Zank, G. P., & Oughton, S. (1991). Properties of mass-loading shocks: 1. Hydrodynamic considerations. Journal of Geophysical Research, 96(A6), 9439-9453.
Permanent Research Commons link: https://hdl.handle.net/10289/8625
The one-dimensional hydrodynamics of flows subjected to mass loading are considered anew, with particular emphasis placed on determining the properties of mass-loading shocks. This work has been motivated by recent observations of the outbound Halley bow shock (Neubauer et al., 1990), which cannot be understood in terms of simple hydrodynamical or magnetohydrodynamical descriptions. By including mass injection at the shock, we have investigated the properties of the Rankine-Hugoniot conditions on the basis of a geometric formulation of the entropy condition.
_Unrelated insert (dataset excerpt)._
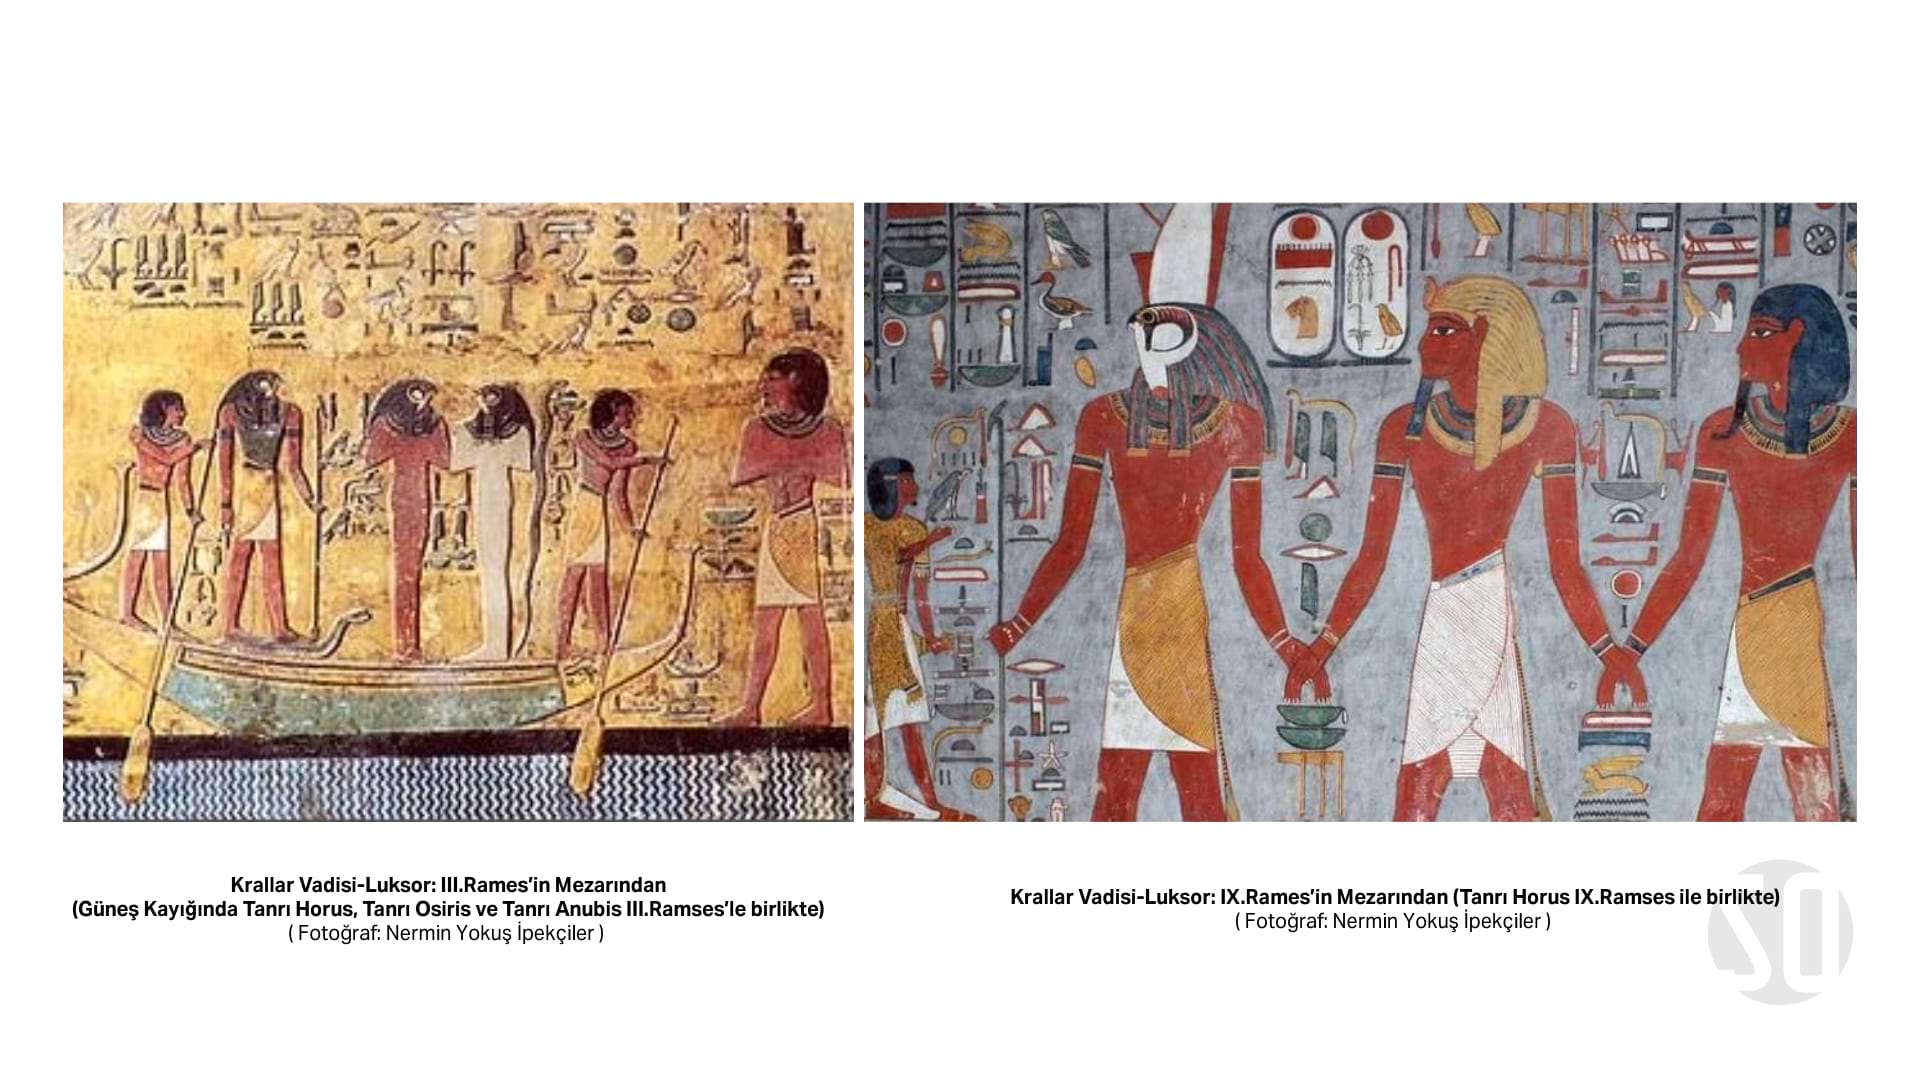 Krallar Vadisi-Luksor: III.Rames’in Mezarından

Such a condition, which is more powerful than the usual thermodynamical formulation, serves to determine those solutions to the Rankine-Hugoniot conditions which correspond to a physically realizable downstream state. On this basis a concise theoretical description of hydrodynamic mass-loading shocks is obtained. We show that mass-loading shocks have more in common with combustion shocks than with ordinary nonreacting gas dynamical shocks. It is shown that for decelerated solutions to the Rankine-Hugoniot conditions to exist, the upstream flow speed u0 must satisfy u0 > ucrit > cs, where cs is the sound speed. Besides the usual supersonic-subsonic transition, mass-loading fronts can also admit a decelerating supersonic-supersonic transition, the structure of which consists of a sharp decrease in the flow velocity preceding a recovery and an increase in the final downstream flow speed. We suggest the possibility that such structures may describe the inbound Halley bow shock (Coates et al., 1987a). Both parallel and oblique shocks are considered, the primary difference being that oblique shocks are subjected to a shearing stress due to mass loading. It is conjectured that such a shearing may destabilize the shock.